O Icep organiza, nas trocas de gestão – ou seja, de quatro em quatro anos –, o chamado Seminário de Transição Suprapartidária, que reúne os atuais secretários, futuros dirigentes municipais, prefeitos e vice-prefeitos eleitos ou em fim de mandato de 22 municípios baianos da região da Chapada Diamantina (BA). Professores e famílias também participam. Nos eventos, são apresentados os memoriais de gestão para a equipe que vai assumir ter conhecimento pleno do que vai encontrar: indicadores, dados, materiais e documentação. A ideia é conhecer bem o tamanho do desafio que está pela frente para poder enfrentá-lo da melhor maneira possível.
“O memorial de gestão é muito importante para que a nova equipe tenha um diagnóstico completo do patamar em que se encontra a rede, tanto em termos pedagógicos quanto administrativos”, explica Cybele. Ela acredita que o País avançou muito nos últimos 30 anos na gestão da Educação pública e que hoje o acesso à informação e recursos, por parte dos gestores, é muito maior e mais facilitado.
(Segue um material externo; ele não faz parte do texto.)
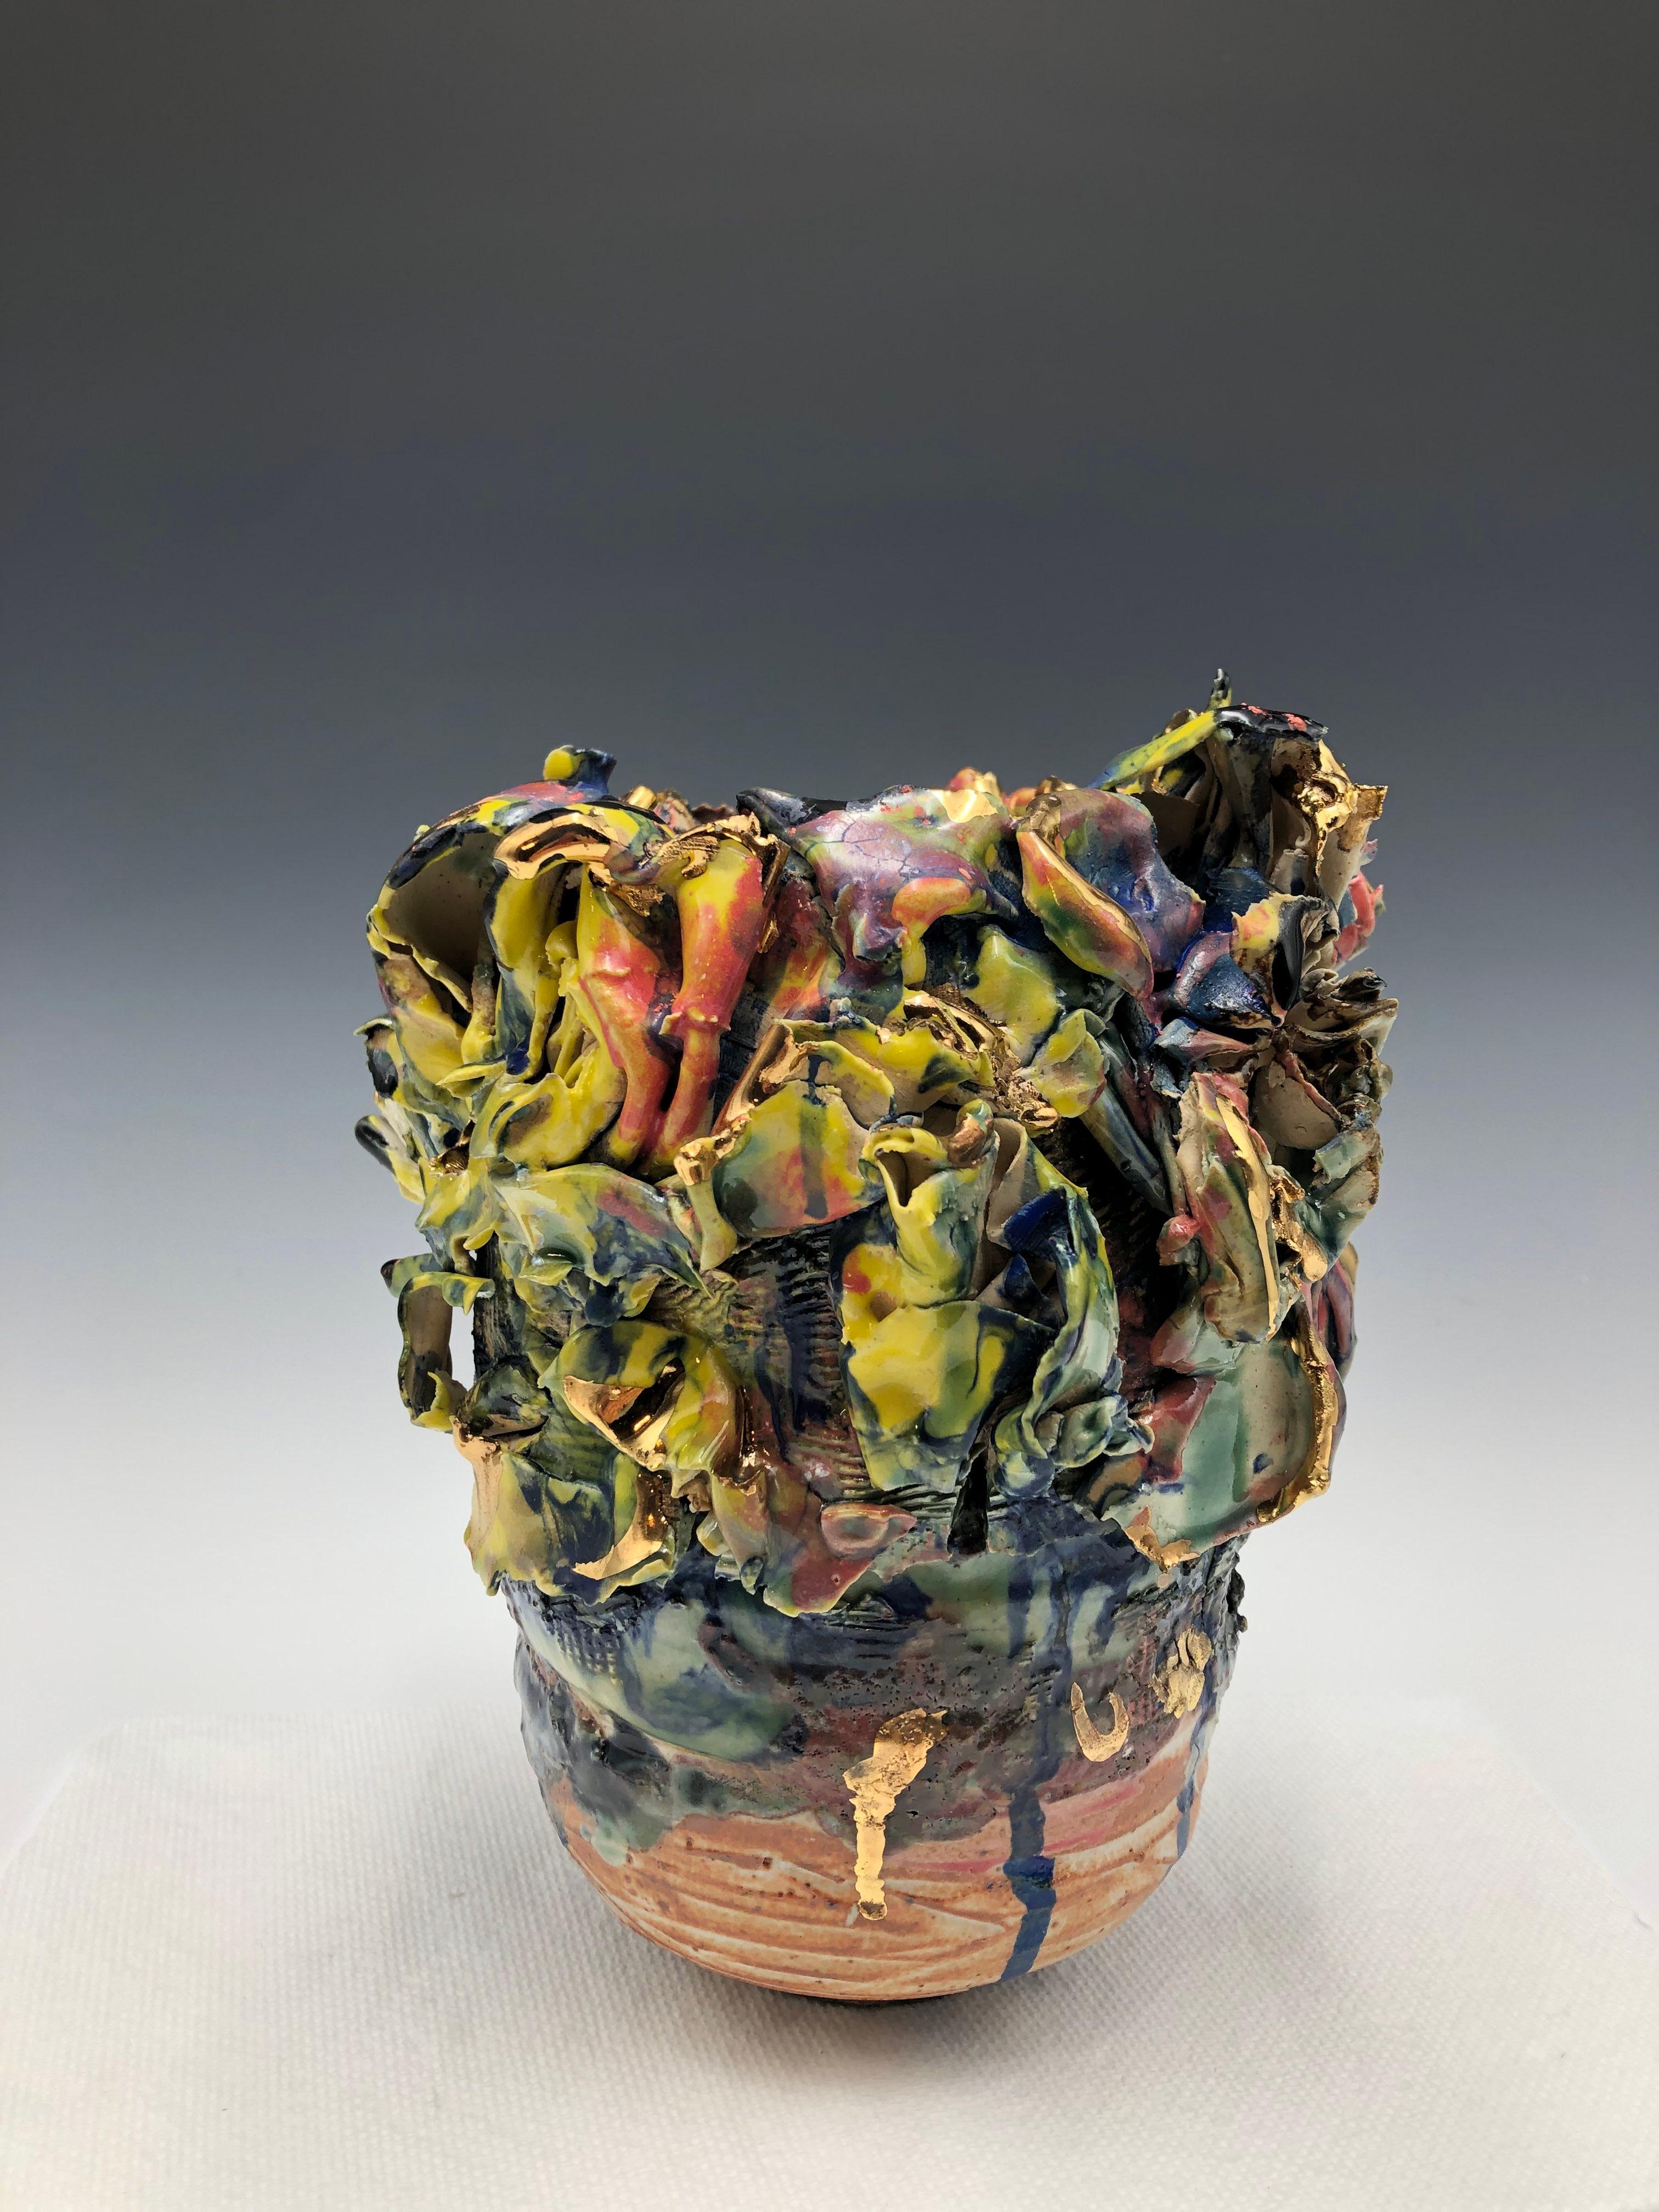 Abstract Sculpture Lauren Skelly Bailey - Reef Ware VI

“Atualmente temos muitos dados, tudo documentado em diversas instâncias”, explica ela. “No entanto, nosso maior problema para evoluir continua sendo a falta de um verdadeiro regime de colaboração entre municípios, Estados e União. A base da Educação está no município – problemas que ocorrem nele impossibilitam processos futuros de aprendizagem.”
Grupo sólido
A quebra na continuidade de políticas públicas é um dos maiores entraves para a construção de uma Educação de qualidade. A troca de siglas partidárias nas prefeituras muitas vezes resulta na troca de equipes inteiras de servidores, o que impacta diretamente a continuidade das políticas e os projetos em andamento nas redes municipais de ensino. “Devemos lutar para manter o mesmo corpo técnico, para que não ocorra a quebra de grupos”, acrescenta Cybele.
Ter funcionários e gestores com conhecimento prévio da rede é essencial para isso. Na cidade de Iraquara (BA), atendida pelo Icep há 12 anos, Claudia Rocha, que acaba de assumir novamente a secretaria de Educação, é bastante atuante no município há anos. Ela foi gestora da pasta entre 2005 e 2008. Após esse período, deixou a secretaria porque outro partido assumiu a prefeitura. Com as eleições do ano passado – e uma nova troca de partido na prefeitura –, ela reassumiu o cargo.
“Por mais que existam questões partidárias, deve haver seriedade e respeito no momento de transição. A questão política deve ser colocada de lado e tem que haver esforço para manter a mesma equipe técnica”, explica Claudia.
Passagem de bastão
Para uma gestão mais eficiente, é essencial que a transição de governo, independentemente dos partidos envolvidos, conte com uma equipe dedicada exclusivamente a isso. “No nosso caso, trabalhávamos nessa fase de mudança desde novembro. Então, foi tranquilo, porque tudo foi bem pensado e planejado”, conta Claudia. “Montei minha equipe que sentou e conversou bastante com a anterior, repassando todos os assuntos importantes em reuniões diárias e temáticas.”
Organização e planejamento
Assumir pela primeira vez uma secretaria de Educação é um grande desafio para os gestores. Mas, segundo eles próprios, quando existem metas sólidas no município, o trabalho fica muito mais claro.
“Aqui temos um plano municipal de Educação, que clareia os caminhos a serem seguidos” afirma Joyce de Souza Evangelista, de Ibitiara (BA), estreante no cargo de secretária. Segundo ela, a mesma coligação partidária governava o município há cerca de 50 anos. É a primeira vez, em meio século, que um partido diferente chega ao poder.
Apesar de ter de enfrentar o novo, Joyce lembra que o fato de ter participado ativamente das discussões do plano será fundamental em sua gestão. “A garantia da continuidade das políticas educacionais ao longo do tempo se dá por meio dele”, explica.
Segundo ela, inteirar-se dos assuntos mais latentes é fundamental para iniciar a gestão com tranquilidade. “Encontramos os documentos em ordem, mas tivemos que pagar os salários atrasados, desde dezembro, dos professores”, lembra. “Temas como o Ideb (Índice de Desenvolvimento da Educação Básica), a demanda por Educação Infantil e as diretrizes curriculares para a EJA (Educação de Jovens e Adultos) também estão na nossa pauta.”